Demonstrators gather at the Place de la Republique after a shooting at a French satirical newspaper in Paris. (Christophe Ena/Associated Press)

A shooting at the Paris offices of Charlie Hebdo, a satirical French weekly, left 12 people dead Wednesday. The perpetrators were allegedly responding to controversial cartoons the newspaper has published, sometimes showing the prophet Muhammad naked, other times showing him as sickly and in a wheelchair. Here is a look back at other controversies that caused outrage in the Muslim world and steps that were taken to prevent any dangerous backlash.

Read: The author on Charlie Hebdo’s latest cover imagined a France under Islamist rule

Danish cartoons

In 2006, cartoons published in the Danish daily Jyllands-Posten, and re-printed in the Norwegian paper Magazinet, depicted Muhammad in an unflattering light, including one that showed him wearing a bomb in his turban. The cartoons sparked outrage among Muslims and resulted in protests throughout the Middle East, as well as threats of retaliation against those involved in the drawings. Saudi Arabia recalled its ambassador from Denmark, while Libya closed its embassy in Copenhagen.

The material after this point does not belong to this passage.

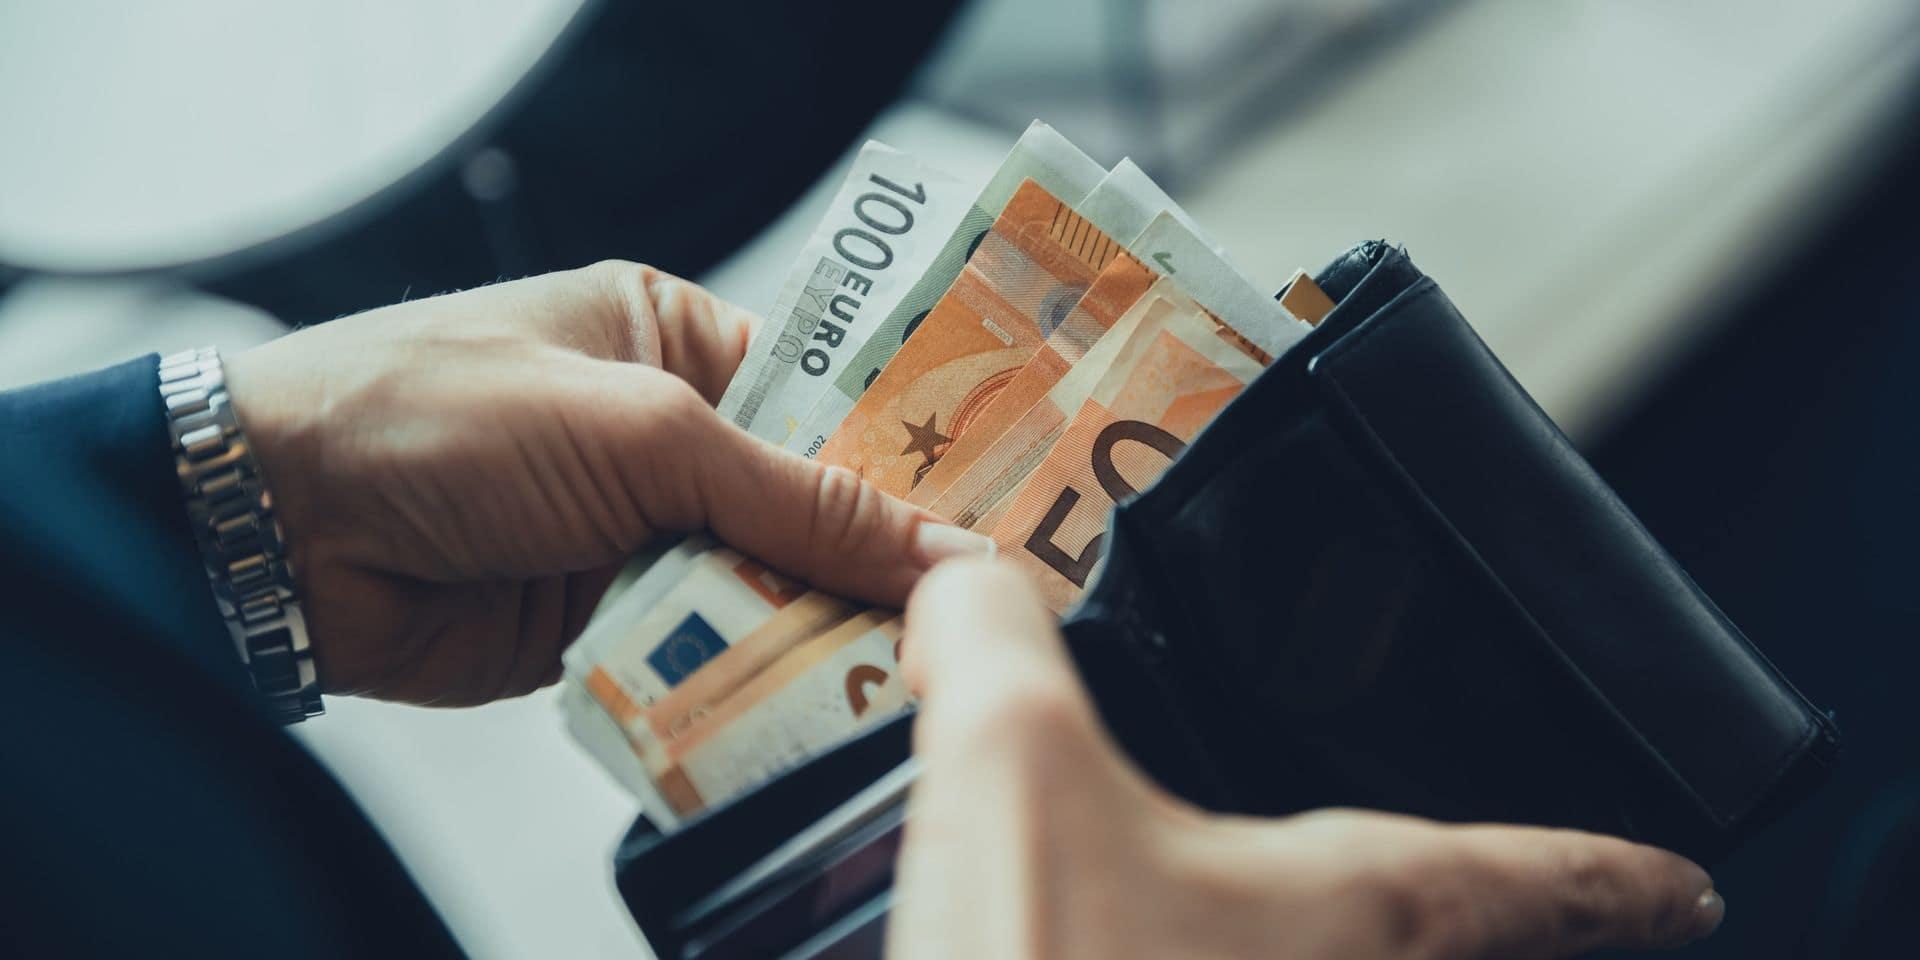 Le Covid-19 fait grimper le coût salarial par heure prestée
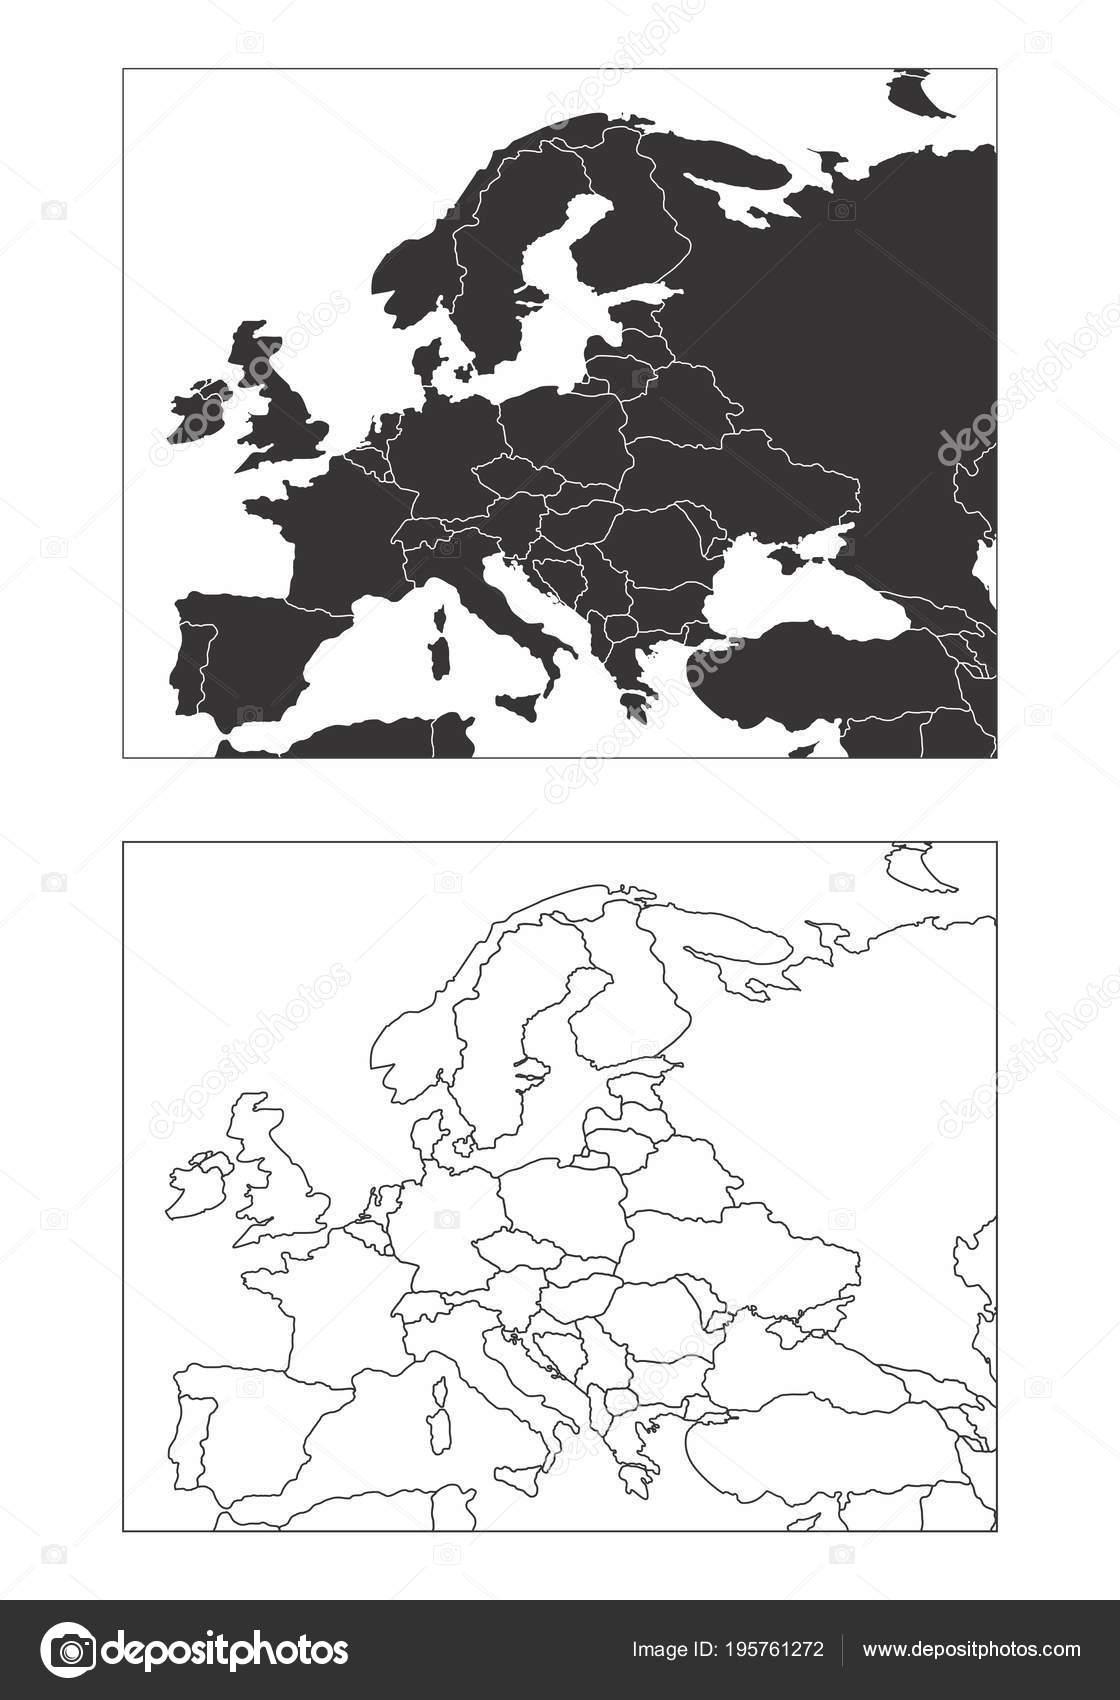 Karte Europa Schwarz Weiss.Karten Von Europa Stockvektor C Luisrftc 195761272

Mozart Opera in Berlin pulled 

After the Danish cartoon controversy, a leading Berlin opera house pulled Mozart's "Idomeneo" over fears that it could lead to dangerous reactions. In one scene, King Idomeneo "presents the severed heads not only of the Greek god of the sea, Poseidon, but also of Muhammad, Jesus and Buddha."

Swedish drawings

A year and a half after the outrage over the Danish cartoons, Swedish artist Lars Vilks displayed a rough sketch at a Stockholm seminar that showed Muhammad's head on a pig's body. The leader of al-Qaeda in Iraq announced a reward for the killing of Vilks as well as another Swedish newspaper editor who published the cartoon.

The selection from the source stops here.